Repeat only the lines below from the one that contains "Игровой клуб азартмания" through the final line, exactly. Omit pictures.

- [PROVIDED MATERIAL]
◇ ◇ ◇
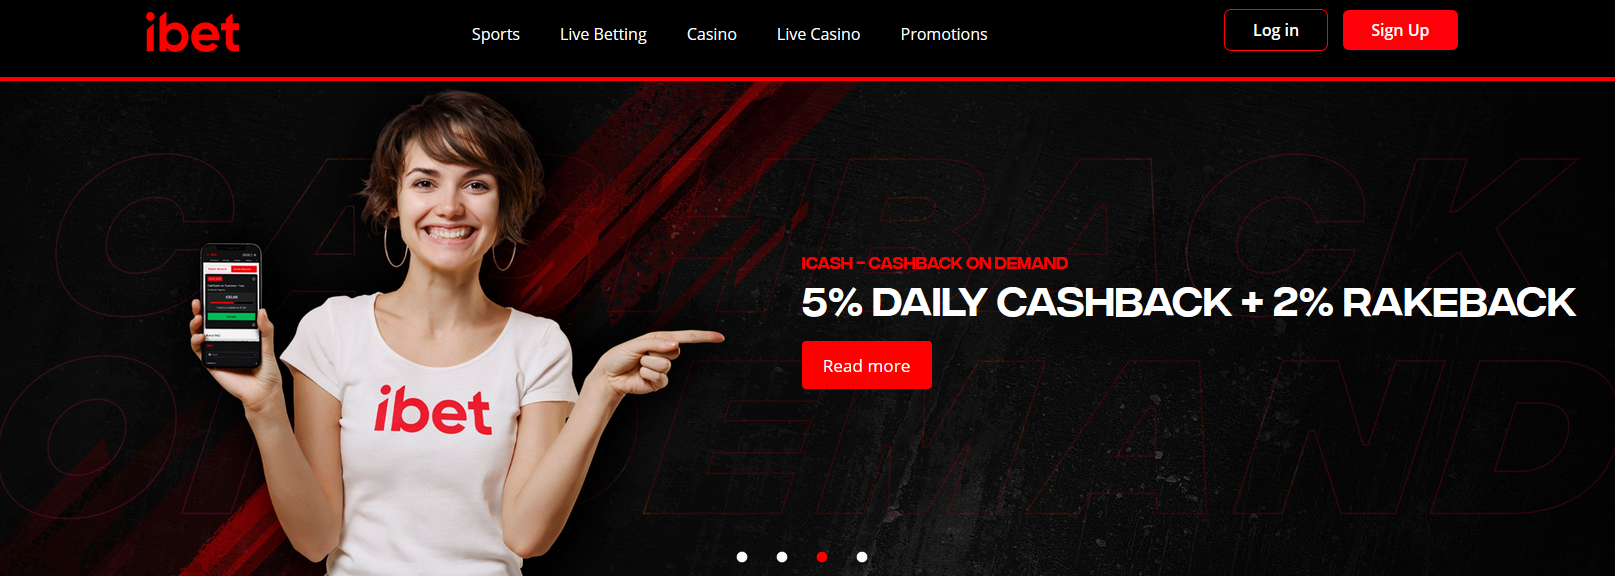 ibet online casino met gratis startgeld
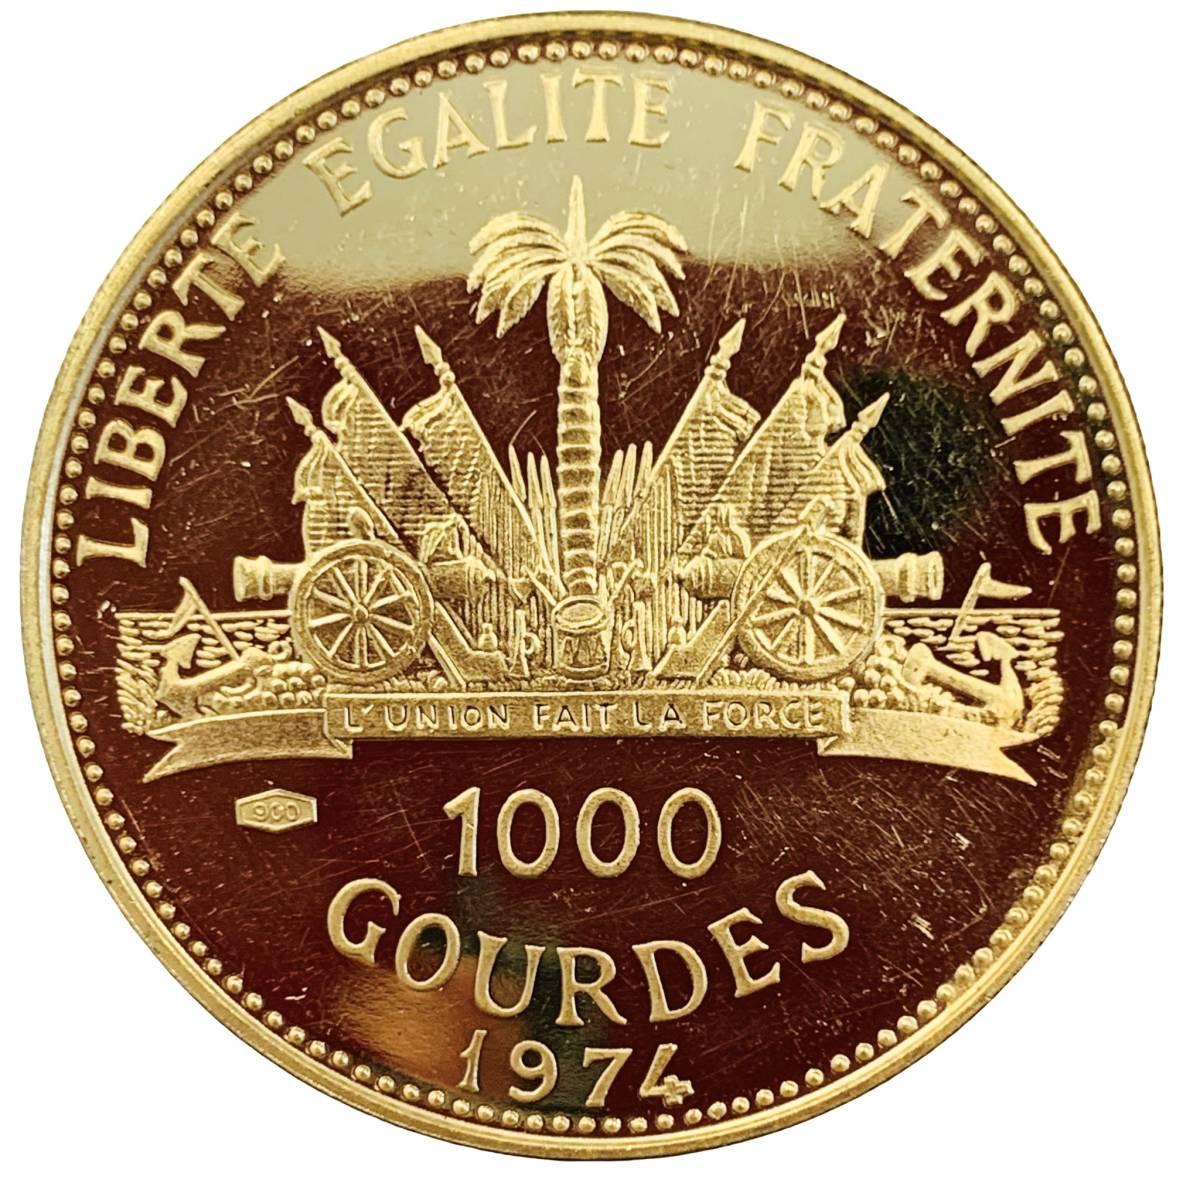 ハイチ共和国 1000グルド金貨 アメリカ建国200年記念 1974年 21.6金 12.9g コイン イエローゴールド コレクション Gold 美品_画像2
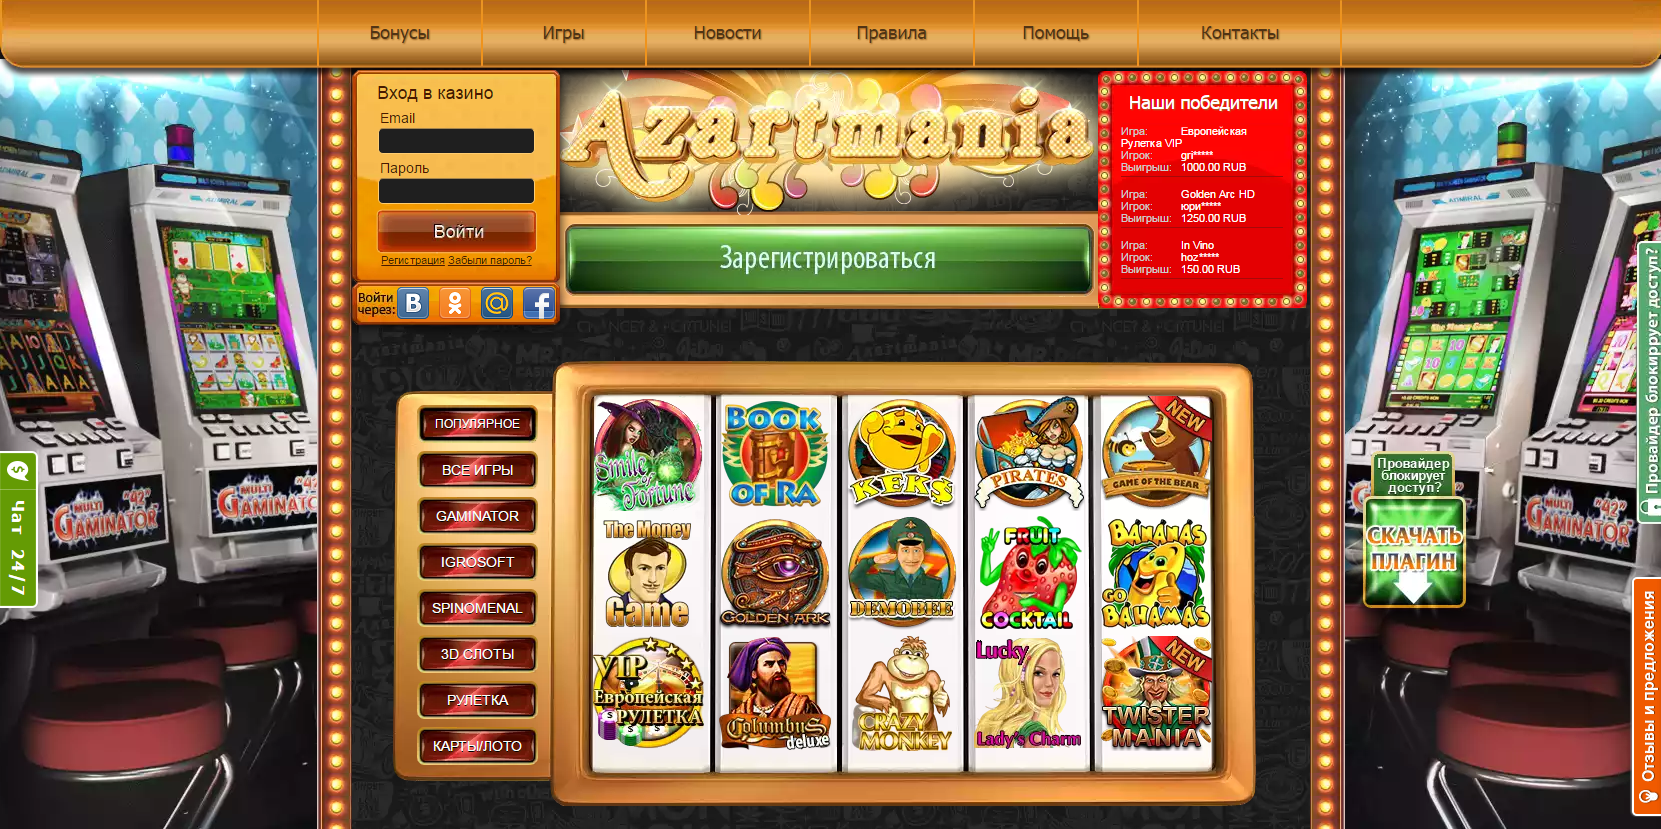 Игровой клуб азартмания игровые автоматы онлайн вулкан максимум игровые автоматы официальный сайт
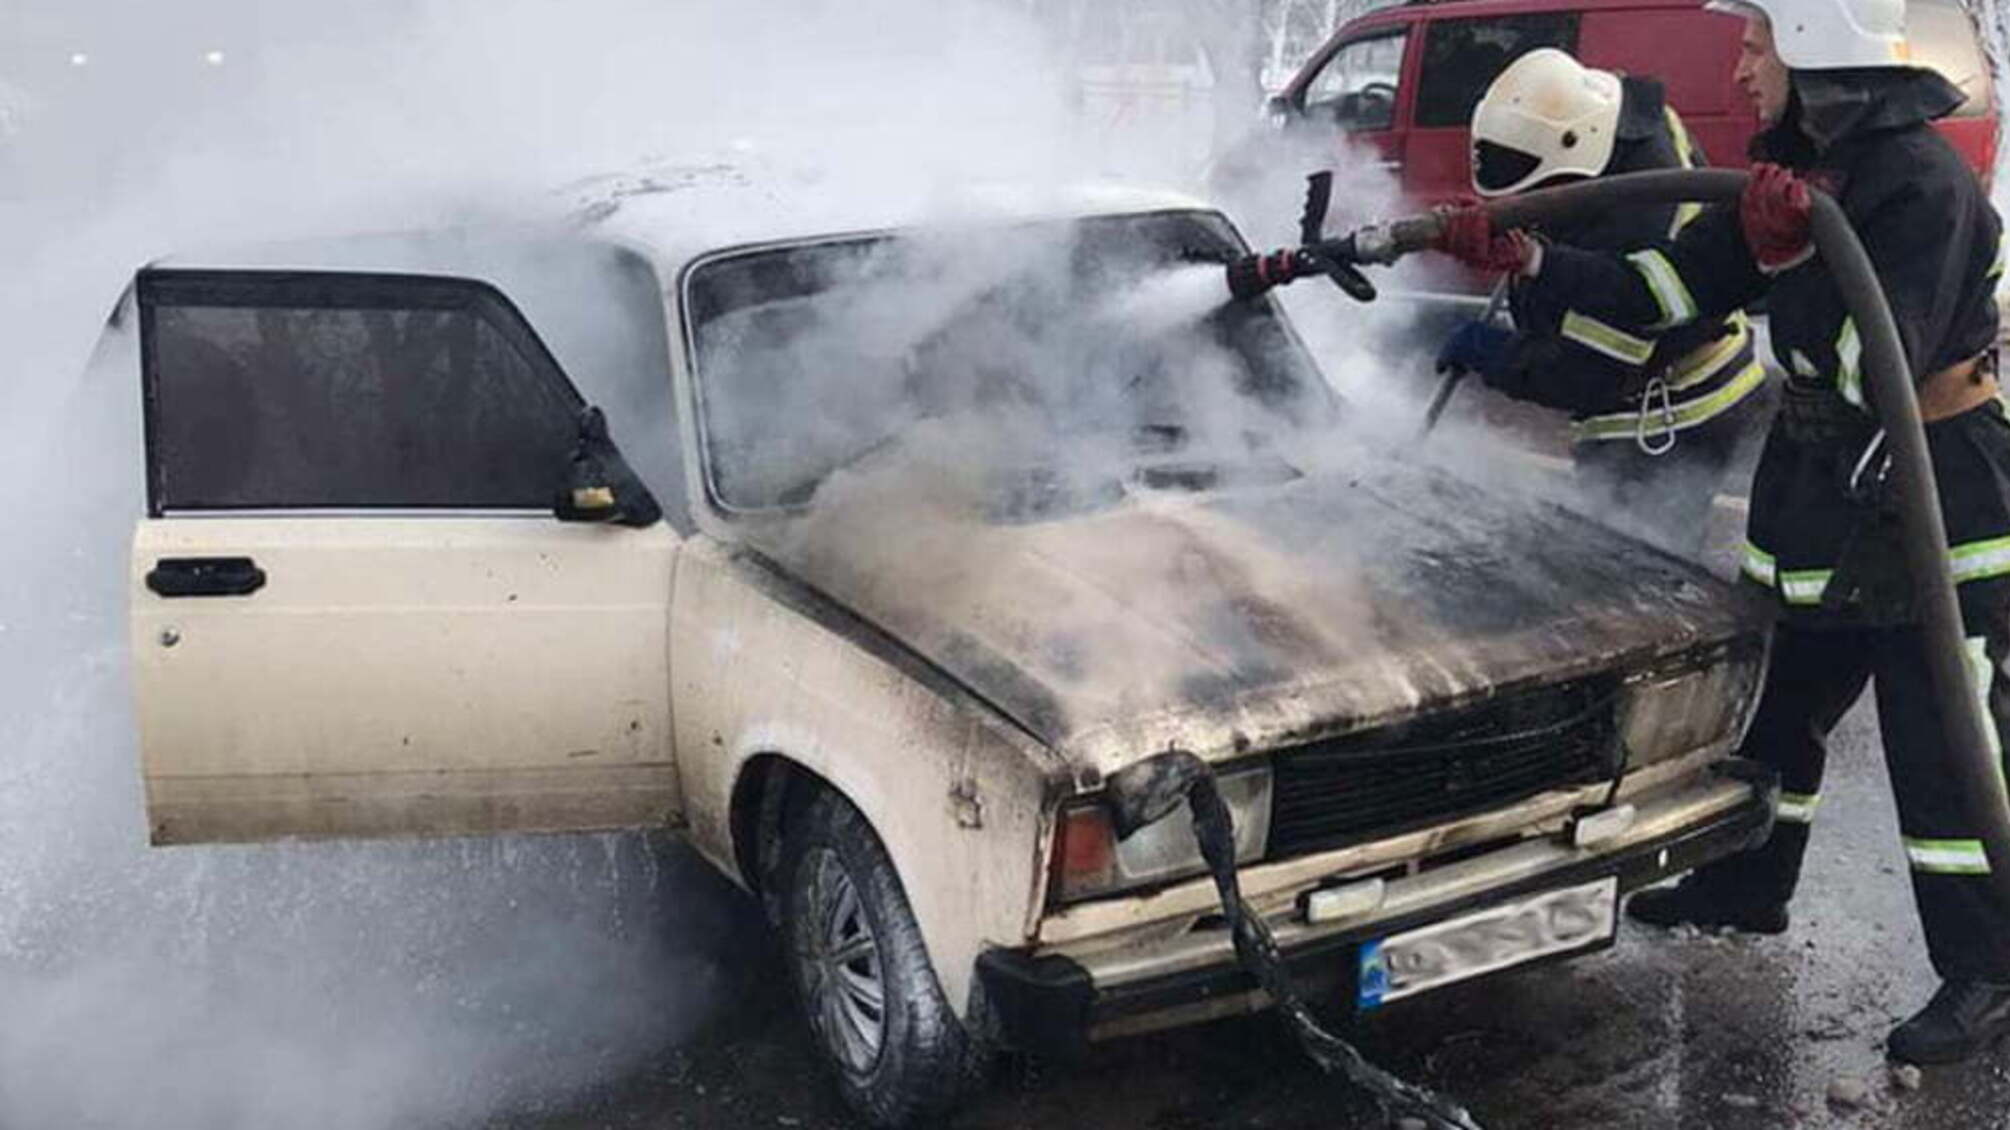 Миколаївська область: рятувальники ліквідували пожежу авто
◇ ◇ ◇
- [ANSWER SECTION]
 Игровой клуб азартмания игровые автоматы онлайн вулкан максимум игровые автоматы официальный сайт
 Миколаївська область: рятувальники ліквідували пожежу авто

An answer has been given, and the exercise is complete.